Abstract
Background
It was shown that immunocompromised patients have significantly reduced immunologic responses to COVID-19 vaccines. The immunogenicity of COVID-19 vaccine/infection in patients with solid tumors is reduced. We evaluated the immunologic response to COVID-19 and/or the BNT162b2 mRNA COVID-19 vaccine among cancer patients on active treatments and reviewed previous literature to identify subgroups that may require third vaccination.
Patients and methods
Anti-SARS-CoV-2 S1/S2 antibodies were measured in a cohort of 202 cancer patients on active treatment with chemotherapy (96), immunologic (52), biologic (46), and hormonal (12) treatments for early (n = 66, 32.7%) or metastatic disease (n = 136, 67.3%). Of those, 172 had received two vaccine doses, and 30 had COVID-19 infection (20/30 also received one dose of vaccine). Specific anti-S receptor-binding domain antibodies were further measured in patients with equivocal anti-S1/S2 results.
Results
Among cancer patients, the SARS-CoV-2 antibody response rate was 89.1% (180/202) after COVID-19 vaccination or infection and 87.2% (150/172) in patients after vaccination without a history of COVID-19, compared with 100% positive serologic tests in a control group of 30 health care workers (P < 0.001). Chemotherapy treatment was independently associated with significantly reduced humoral response to infection or vaccination, with an 81.3% response rate, compared with 96.2% in patients on other treatments (P = 0.001).

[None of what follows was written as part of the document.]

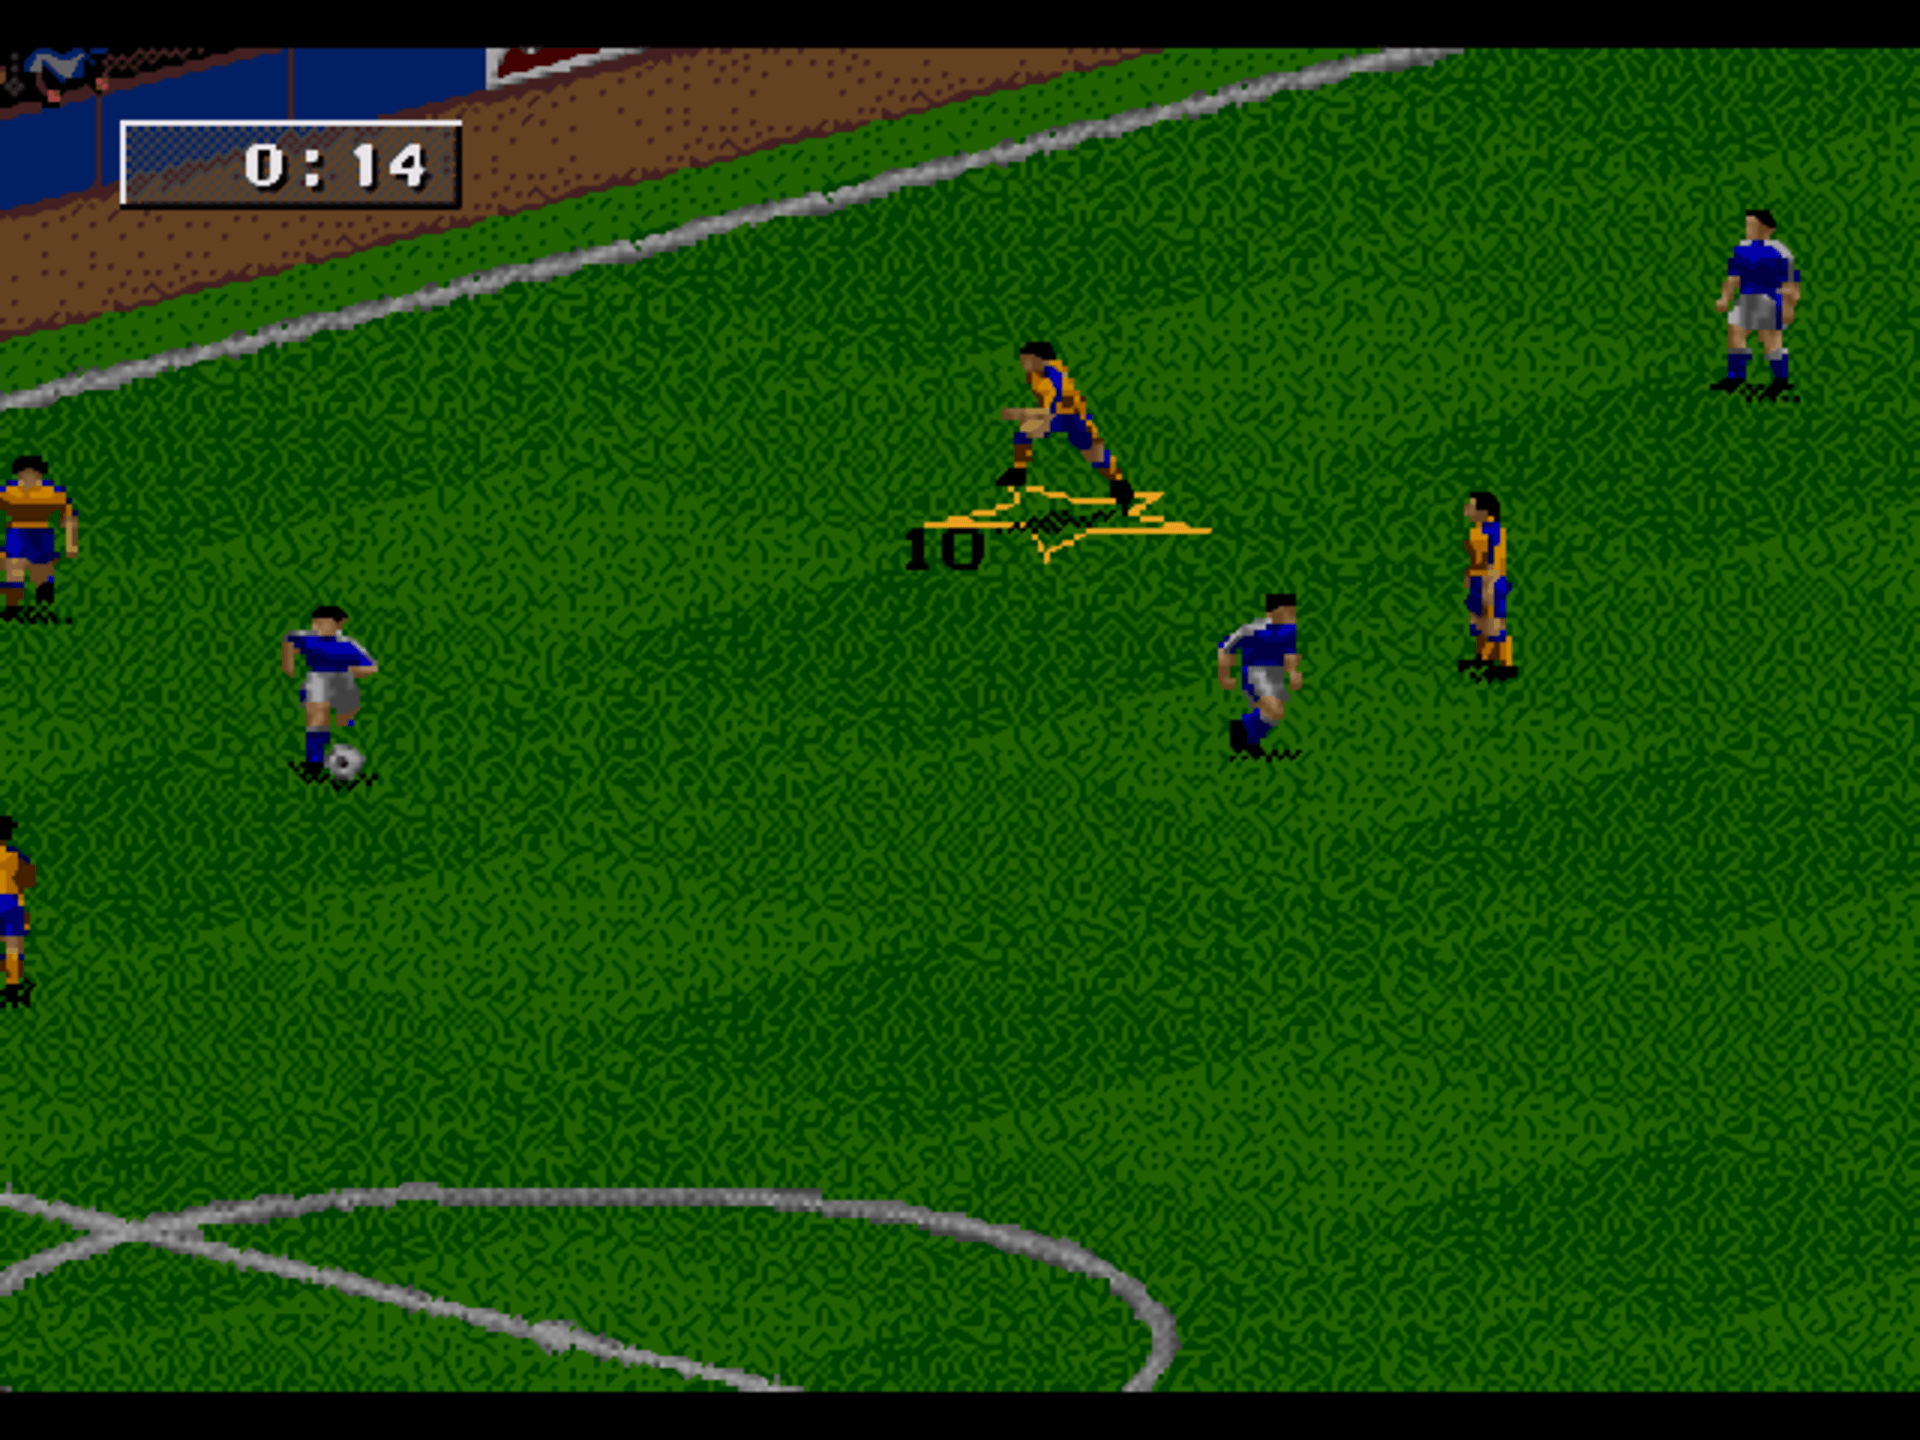 FIFA Games for Sega Genesis/Mega Drive 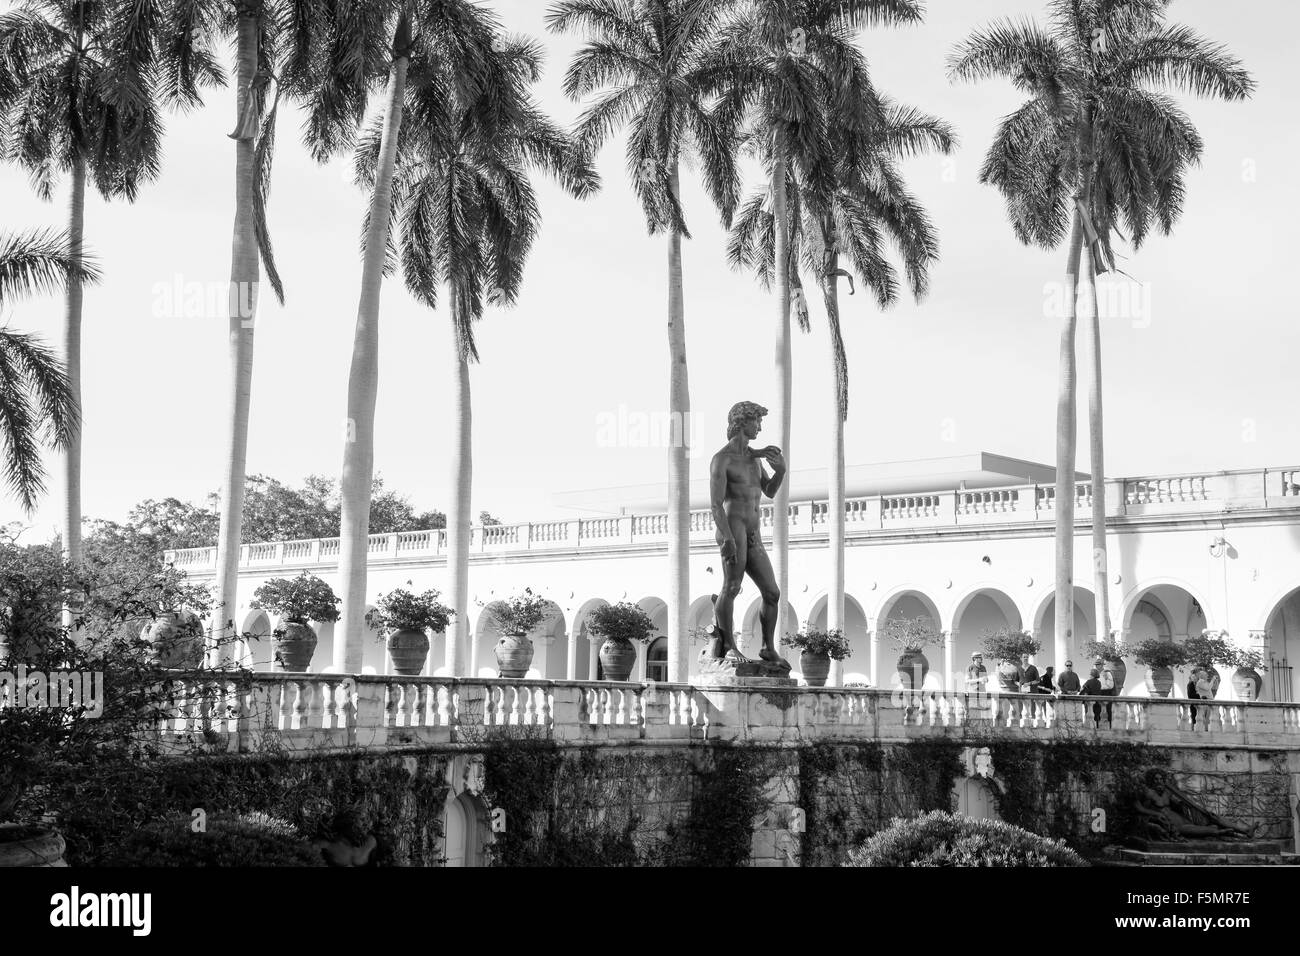 Immagine in bianco e nero di palme e giardini con una replica del David di Michelangelo presso la suoneria Art Museum, Sarasota, FL Foto Stock

In vaccinated patients on chemotherapy, the positive response rate was 77.5%. In a multiple regression model, a neutralizing antibody titer (>60 AU/ml) was more likely with immunotherapy (odds ratio 2.44) and less likely with chemotherapy (odds ratio 0.39).
Conclusions
Overall, both COVID-19 vaccine and natural infection are highly immunogenic among cancer patients. Our study, however, identifies those under chemotherapy as significantly less responsive, and with lower antibody levels. These findings justify close virological and serological surveillance along with consideration of these patients for booster (third dose) vaccine prioritization, as new highly spreading SARS-CoV-2 variants emerge.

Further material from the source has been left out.